▶ **Task objective**: Begin your copy at the line with "Core Sans N 65 Bold Italic image" in the records below and end it at the line with "Bishop of London's", restating each line word for word; omit the pictures.

▶ **Source information**:
********

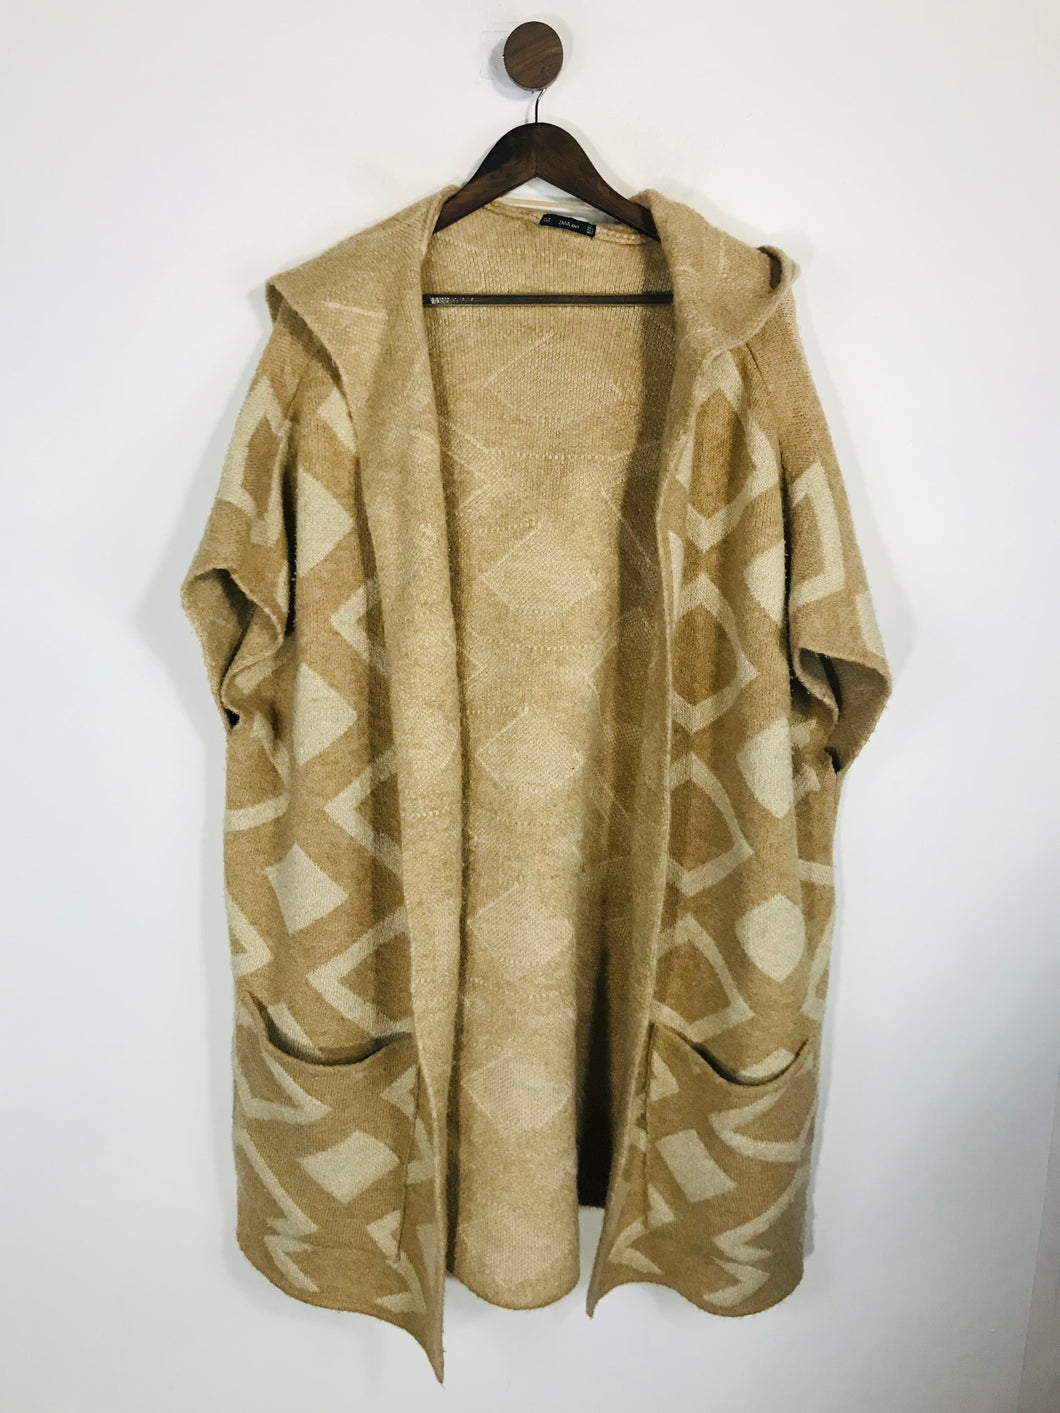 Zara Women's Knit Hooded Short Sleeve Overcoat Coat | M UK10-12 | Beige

********

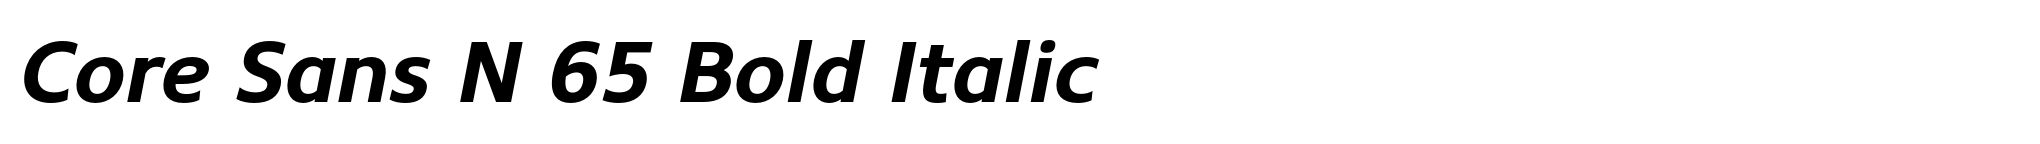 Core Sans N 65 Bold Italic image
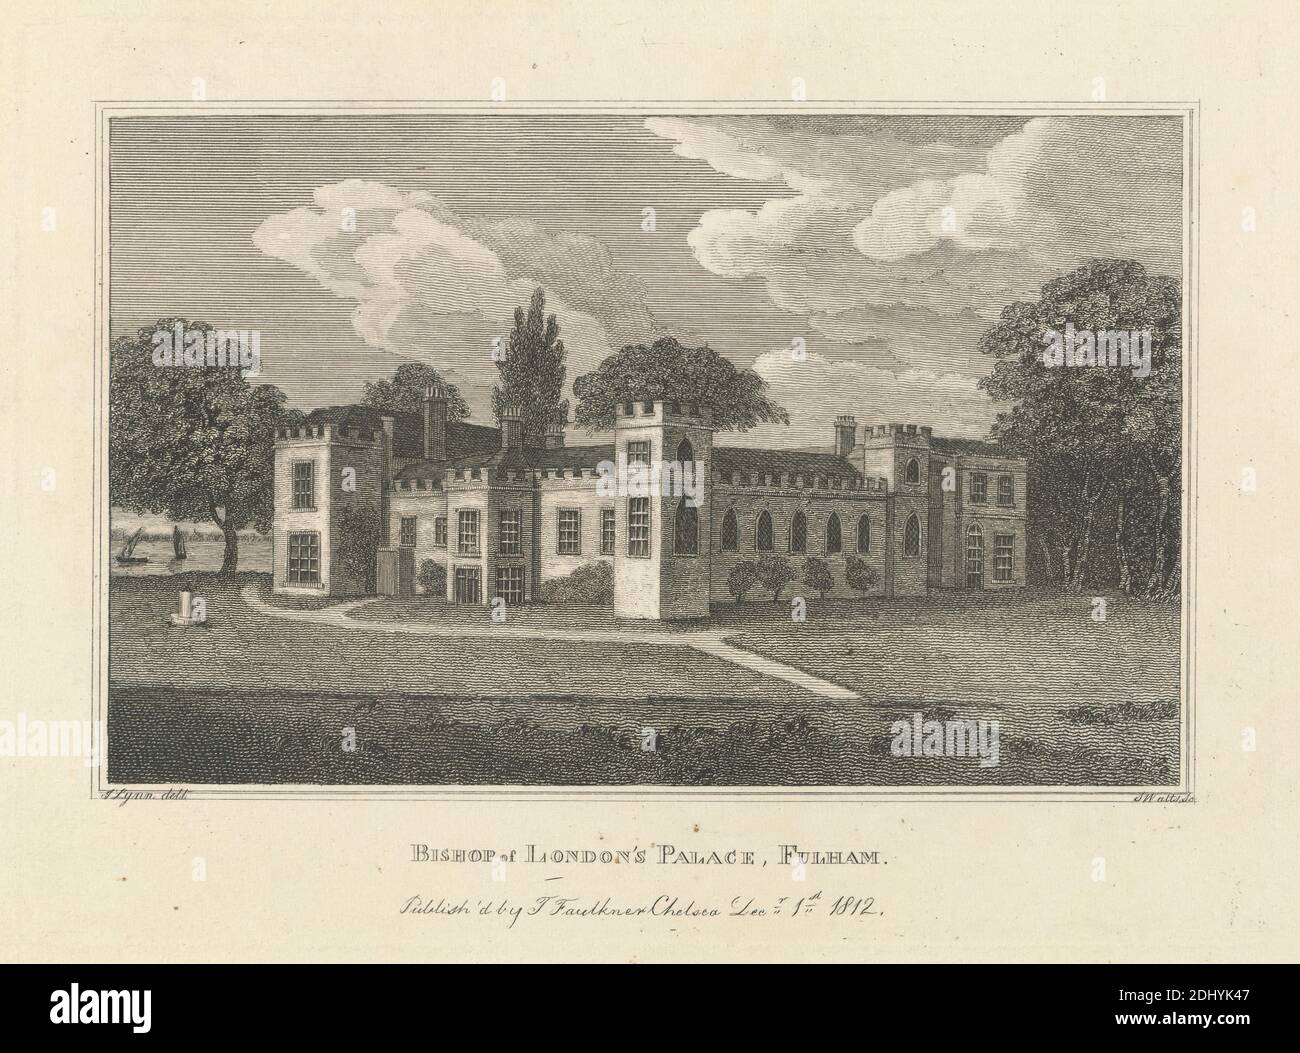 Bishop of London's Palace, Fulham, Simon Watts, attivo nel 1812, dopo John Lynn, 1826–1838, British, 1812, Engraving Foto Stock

********

▶ **Your solution**:
 Core Sans N 65 Bold Italic image
 Bishop of London's Palace, Fulham, Simon Watts, attivo nel 1812, dopo John Lynn, 1826–1838, British, 1812, Engraving Foto Stock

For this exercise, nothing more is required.